Commercial breaks, by Chris Shepherd

14 Feb 11
Local authorities have been given a range of new powers to encourage development, but a more business-like mind-set is needed to make them a success, says Chris Shepherd

Local authorities have been given a range of new powers to encourage development, but a more business-like mind-set is needed to make them a success, says Chris Shepherd

Development has stagnated in all but the highest value areas. The private sector’s appetite for risk has either gone or is priced at a level that makes development unfeasible.

So how will the local growth white paper facilitate development and regeneration?

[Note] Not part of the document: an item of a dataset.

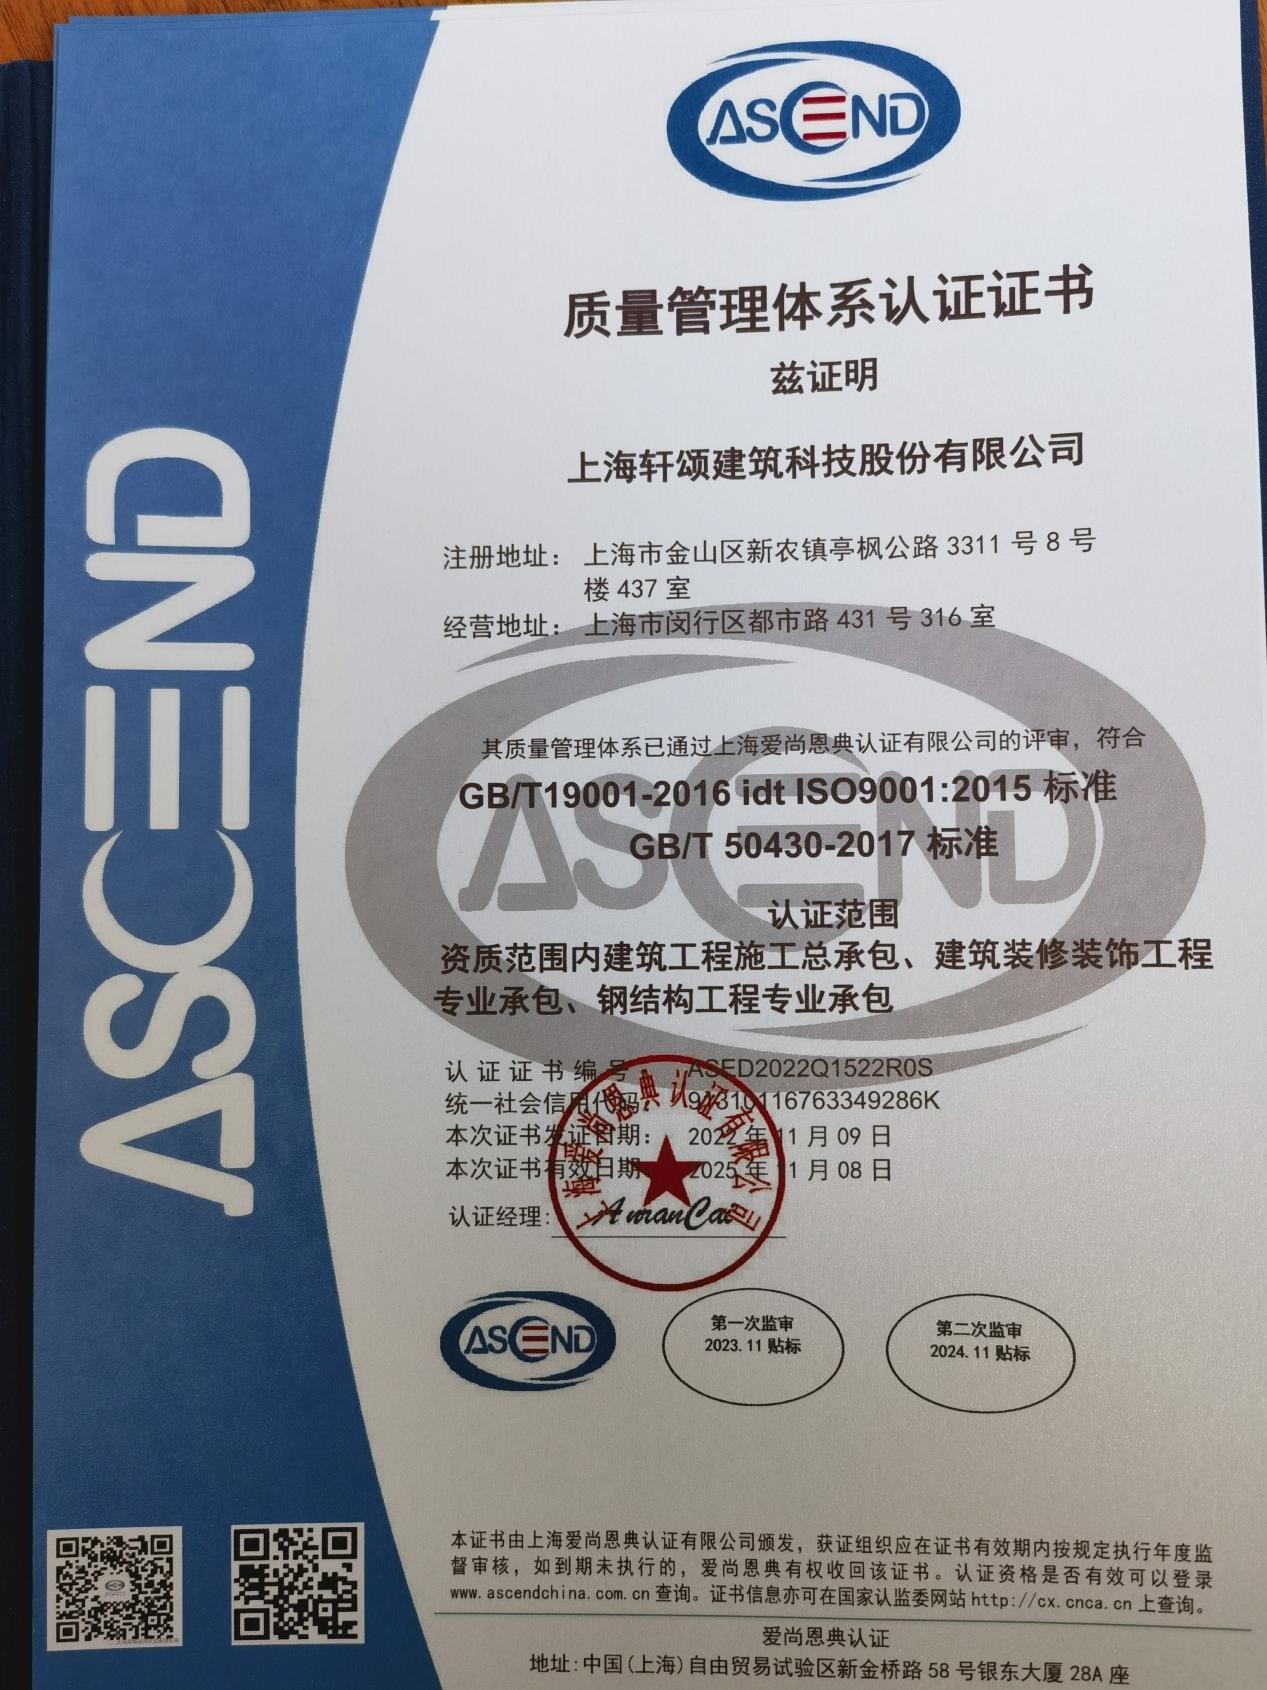 上海轩颂建筑荣获国标ISO质量体系认证，领跑行业质量体系标准

The white paper shows how the organisational landscape will evolve from regionalism to localism. Regional Spatial Strategies have been abolished and the regional development agencies will be replaced in part by Local Enterprise Partnerships.

The overall theme is increasing the role of the private sector in economic development and moving away from grant funding. The European Regional Development Fund is already moving this way, for example, through the Joint European Support for Sustainable Investment in City Areas scheme. Ministers believe that venture capital and loan schemes are vital to economic development, growth and rebalancing.

The government has recognised the need for other tools and has made a Regional Growth Fund available. This will be an essential way to promote local growth, with £1.4bn split between four bidding rounds to April 2014. However, the £1.4bn four-year budget is comparable with the 2010/11 budget for the RDAs.

The RGF has two main objectives: to support projects with potential for economic growth and to support areas dependent on the public sector to make a transition to private sector-led growth. But the concern is that each round of bidding could be spread too thinly throughout the country.

In addition to this, the New Homes Bonus – where Whitehall matches the council tax raised for each new home for six years – will provide a total of £946m and will be the cornerstone of housing policy. However, a six-year income stream, while being useful, might not be long enough to support strategic planning.

It is the retention of business rates that is of most interest, particularly when a long-term view is taken. With the advent of the Business Increase Bonus and the ability of renewable and locally derived business rates to be retained locally, could this be the resource to encourage development?

The retention of local business rates and the imminent change in legislation allowing councils to borrow against future receipts enables the development of Tax Incremental Finance. Tif is a method of forward funding infrastructure to encourage economic development in an area that is displaying signs of ‘blight’, or that requires significant infrastructure. Investment is facilitated by the public sector, which then ring-fences the anticipated uplift in tax revenues to cover initial costs.

But is Tif the ultimate enabling tool that many seem to think? It can work, but ministers should be mindful of a number of issues and risks.

First, how does a local authority fund the time lag between the financing of infrastructure and the arrival of the business rate funding? On all but very small developments, this could be over three years. Under current legislation this gap would be funded by local council tax payers.

Secondly, does the local authority really understand the risks of Tif? Obstacles include how to ensure that development partners are legally bound to bring forward timely development, or face financial consequences. And what carrot can be offered to encourage development on the ‘less attractive’ sites?

Another important question is whether Tif will be restricted to business rates, currently the preferred option. If so, will the regeneration of a commercial area provide the additional housing that is in such demand? Reducing these restrictions would de-risk and broaden the usefulness of Tif as a tool.

So the white paper offers the public sector a cocktail of tools to enable growth, development and regeneration to take place. It is only through a blended mix of these approaches that substantial development can proceed.

However, reading between the lines, the white paper also expects the public sector to be a more commercial beast. The public sector should intervene where necessary, but it should not be seen as a soft touch when doing so.

This commercial mind-set and the recognition of the real risks involved will help the public sector be successful in leading, participating and sharing in the benefits and rewards of growth at a local level.